Cette forme de territorialisation s’articule autour d’enjeux économiques à travers la recherche de la valorisation d’une activité plus ou moins traditionnelle d’une région ou d’une communauté et son développement sur la base d’une action économique de groupe et la recherche d’économie de

transaction. Elle épouse la forme de Coopératives de services agricoles qui jouent un rôle de mobilisation et d’encadrement des acteurs locaux dans le développement et l’organisation d’une filière ou d’un segment de filière.

L’exemple qui permet le mieux d’illustrer une telle démarche est celui des coopératives de service organisées autour de la production laitière, mais on peut aussi citer l’exemple plus ancien des coopératives vini-viticoles dans la région du Cap Bon ou dans les plaines de Mornag qui assurent depuis de longue date la régulation de cette filière dans la région. Dans ce cas l’existence d’appellations d’origines contrôlées pour les vins donne une visibilité encore plus grande à la territorialisation du développement.

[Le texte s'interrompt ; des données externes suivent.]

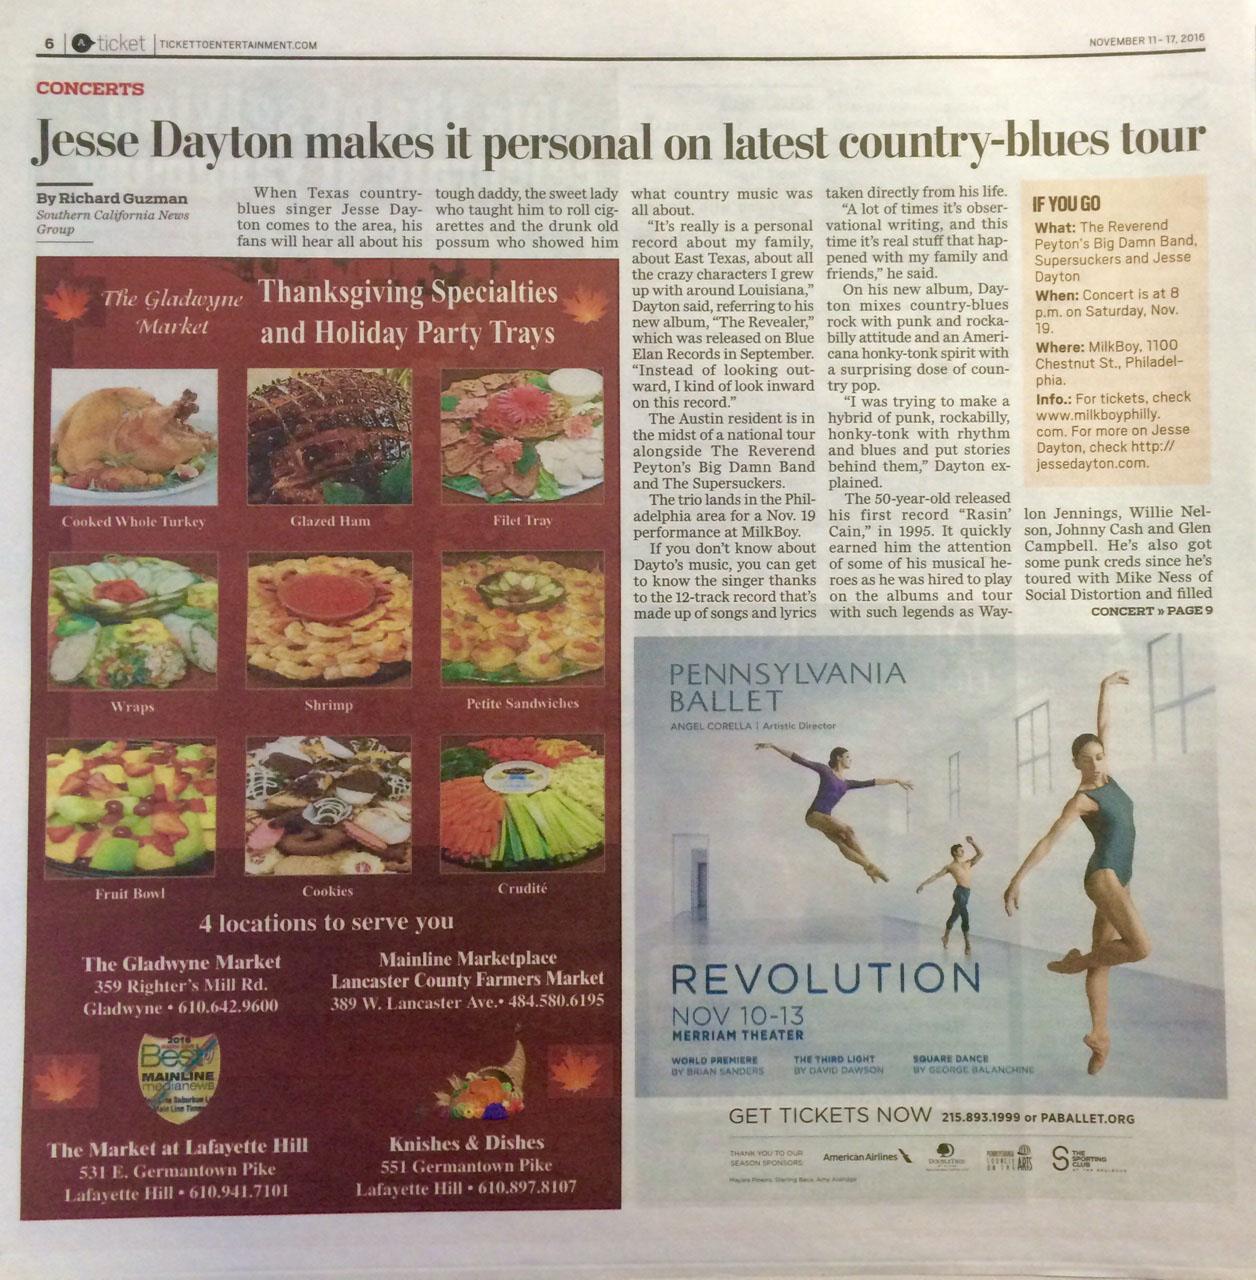 Print Ad in Main Line Media News

Dans le cas du lait, par exemple, la remonté de filière et l’association entre des coopératives de services agricoles et une unité de transformation du lait donne une visibilité à l’assise territoriale de la production et permet la mise en place d’une stratégie de marketing basée sur l’appartenance à un terroir. Sans que cela puisse s’apparenter à la recherche d’une identité géographique, l’accent sur la qualité d’une part et celle portant sur la régularité de l’approvisionnement d’autre part nous semble intéressante à mettre en relief. Par ailleurs la Coopérative permet des économies sur les coûts d’accès au marché et aux service, ce qui permet d’améliorer la rentabilité de la production voire assurer la durabilité de la production dans des conditions de plus en plus contraignantes (sécheresse récurrente et augmentation des prix des aliments de bétail au niveau national et international).

Pour conclure cette typologie, il s’agit d’insister sur le fait que les dynamiques à l’œuvre sont

récentes et de ce fait inachevées et qu’il s’agit plus de processus à l’œuvre que d’un nouvel équilibre. Par ailleurs des freins au parachèvement de ce processus peuvent être mis en évidence notamment en ce qui concerne les conditions d’une bonne gouvernance locale et la capacité des acteurs locaux d’avoir à la fois une vision commune des problèmes qui freinent le développement de leur territoire et les solutions à ces problèmes.